Потянуло запахом свечей и еще чем-то сладковатым, приторным,
не то духами, не то курениями. Совсем близко люди! А вот и Макбет –
спасительное белое облачко! Марина подавила желание обратиться к нему с
приветственной речью, а только погладила и прошептала, едва сдерживая слезы:
– Спасибо, голубчик Макбетушко! Век за тебя буду бога
молить.
Она спохватилась, что говорит по-русски, однако этот кот,
похоже, обладал незаурядной способностью к языкам.
– Мя-а-у! – был снисходительный ответ, в котором Марина
отчетливо различила: «Не стоит благодарности!» А вслед за тем он исчез опять,
но Марина успела заметить промельк света, колыханье тяжелых складок – и поняла:
теперь от спасения ее отделяет не стена, а какая-то занавеска: ковер? гобелен?

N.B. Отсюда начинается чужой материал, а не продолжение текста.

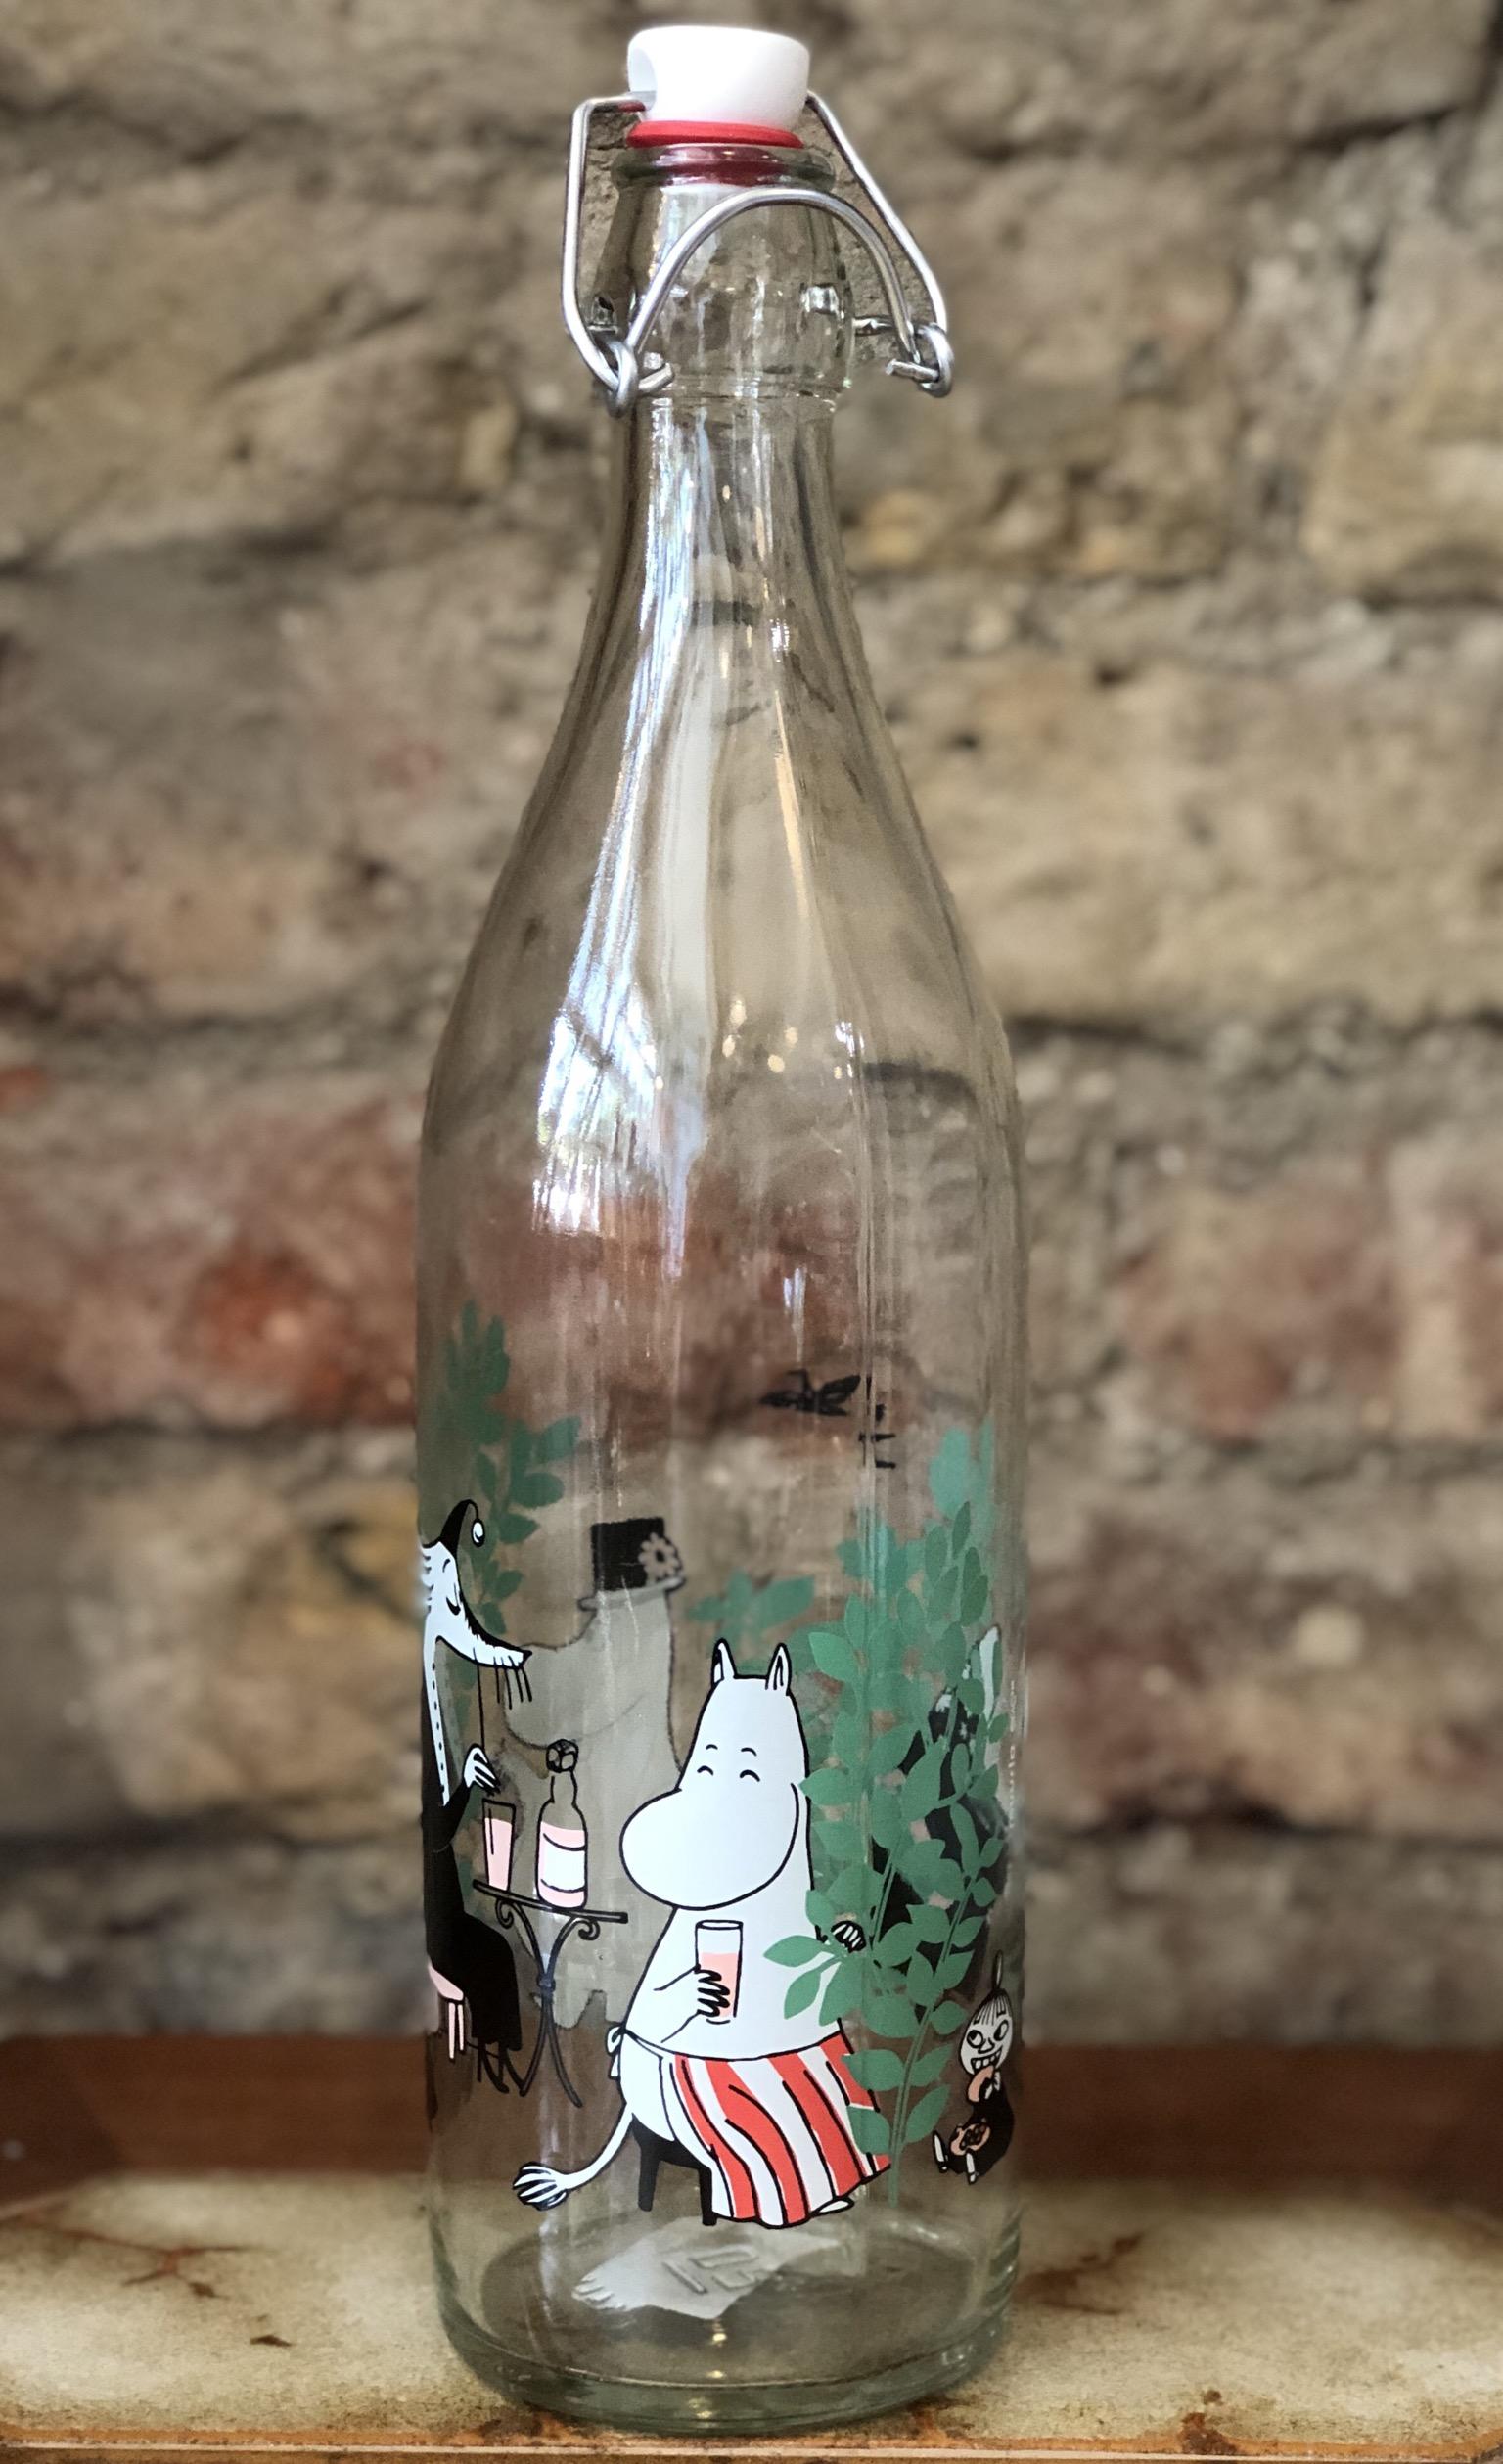 Water/Lemonade bottle

Она просунула руку, раздвинула плотную ткань – и едва не зарыдала от счастья,
увидев ярко освещенную комнату и Макбета, который сидел перед горящим камином и
ожесточенно вылизывался, выставляя лапу пистолетом и даже причмокивая от
усердия.
На Марину он даже и не взглянул, почитая свое дело
сделанным… однако на нее во все глаза смотрел какой-то изможденный человек,
лежавший в углу на кушетке. Он простер к Марине темную исхудалую руку и едва
слышно шепнул:
– Спасите меня! Спасите…
Добрая самаритянка
Да ведь это Джаспер! Марина узнала его голос, но продолжала
недоверчиво вглядываться в пергаментное лицо. Кожа обтянула скулы, глаза
ввалились, губы ссохлись. Ох, как он изболелся! Ну череп, истинный череп! И
взывает о спасении…
– Что с вами? – Марина ринулась вперед, вмиг забыв о
своих приключениях и об извинениях за то, что проникает в эту комнату не то что
без стука, но даже как бы сквозь стену. Впрочем, Джаспера это нимало не
волновало, он даже не понял, как она здесь оказалась. Главное – она здесь!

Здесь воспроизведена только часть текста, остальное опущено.